* _Required work_
For this exercise, please transcribe exactly and only the lines from the one containing "Country Cabin at Christmas.JPG" through the end of the material, both ends included, without pictures.

* _Dataset content_

== Segment start ==

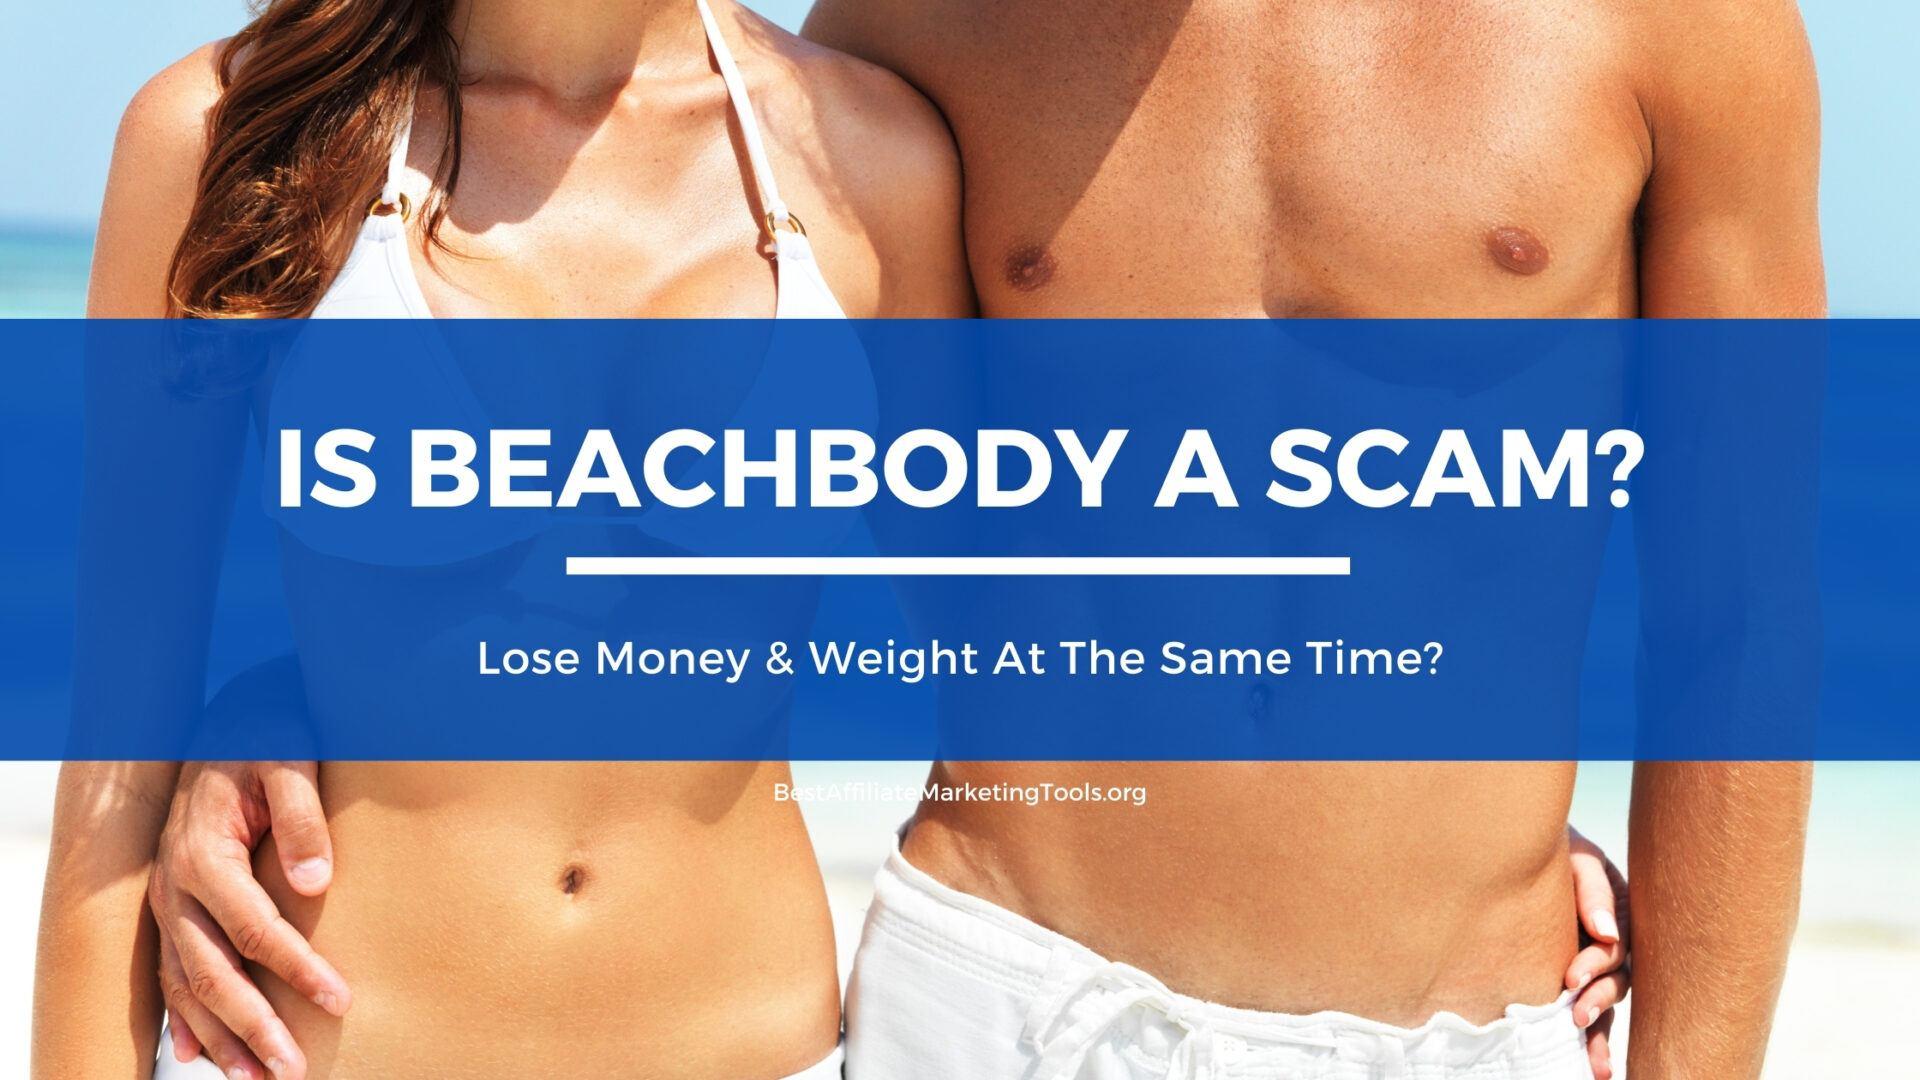 is beachbody a scam
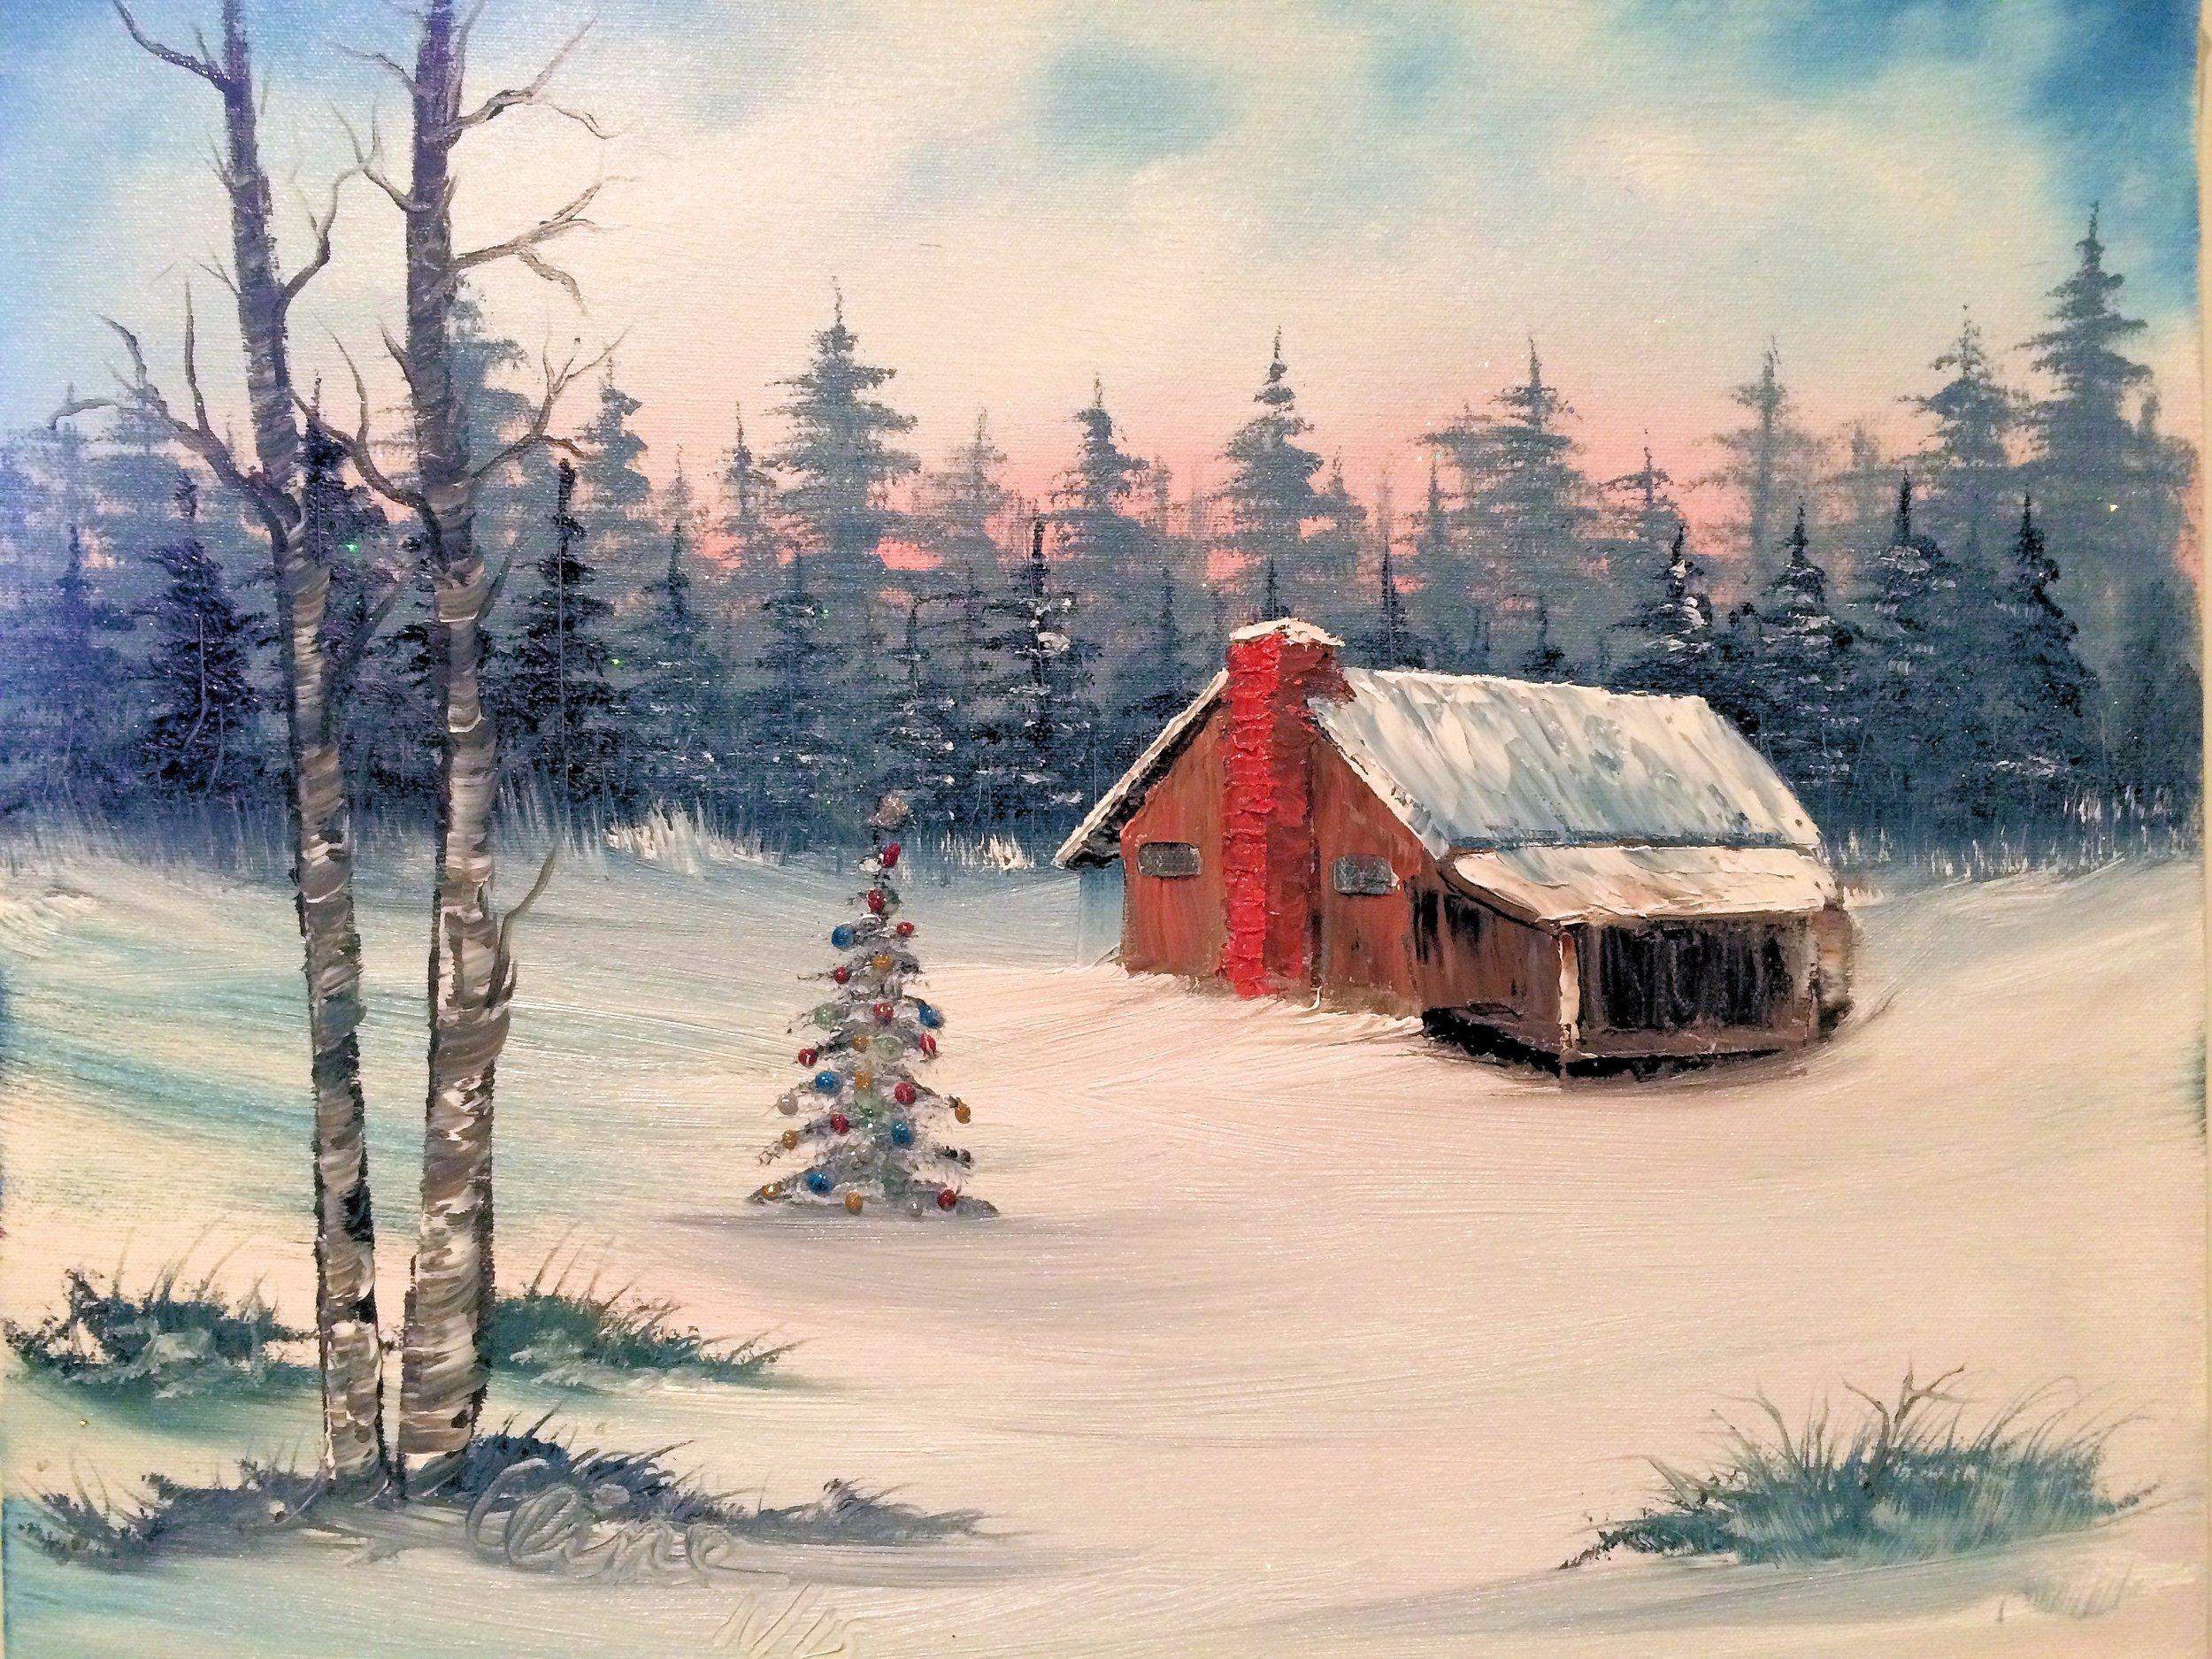 Country Cabin at Christmas.JPG
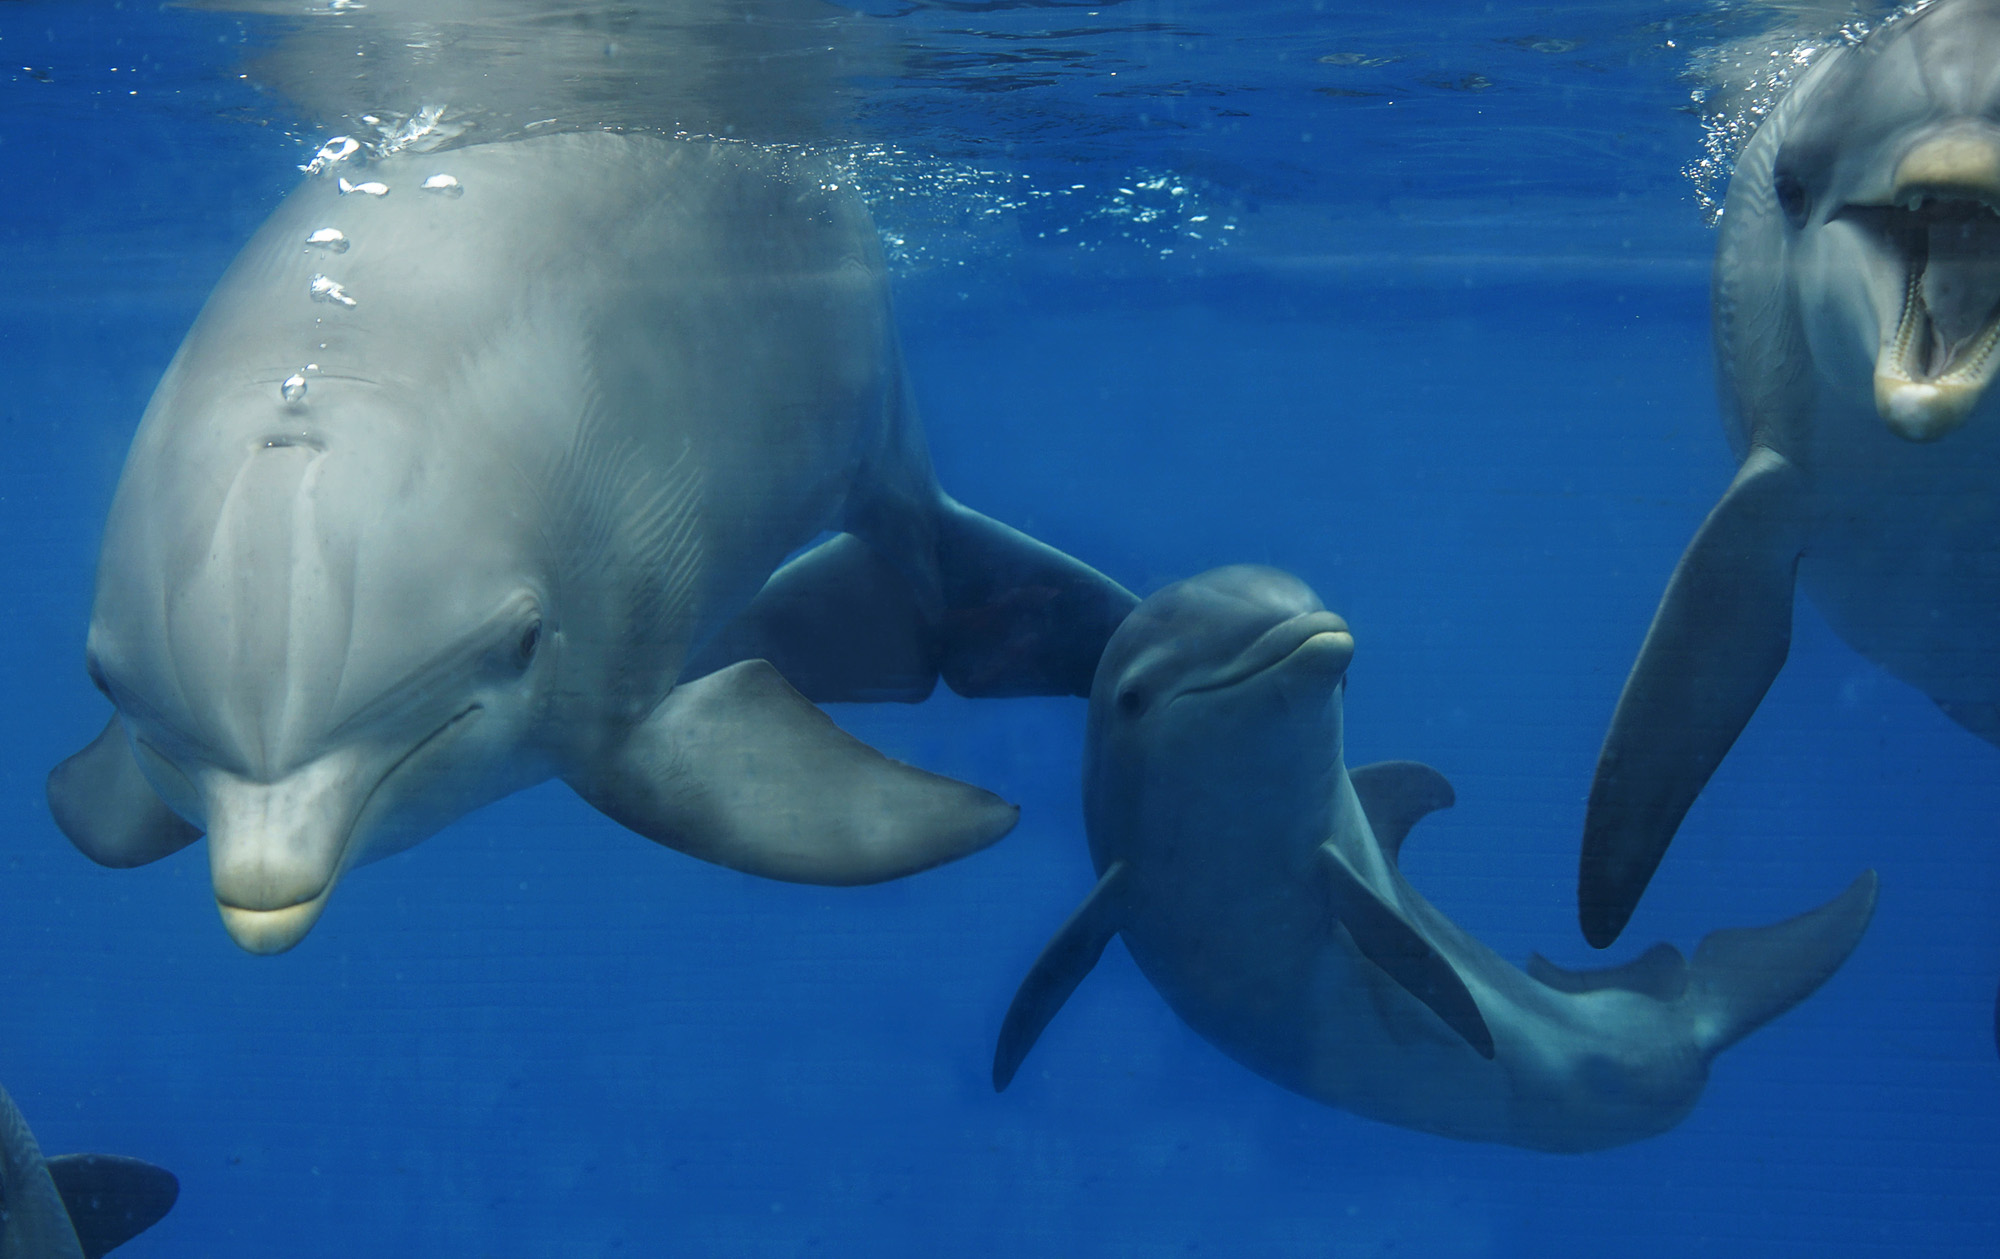 Spanish Aquarium Shows Off Baby Dolphin

== Segment end ==

* _Written reply_
 Country Cabin at Christmas.JPG
 Spanish Aquarium Shows Off Baby Dolphin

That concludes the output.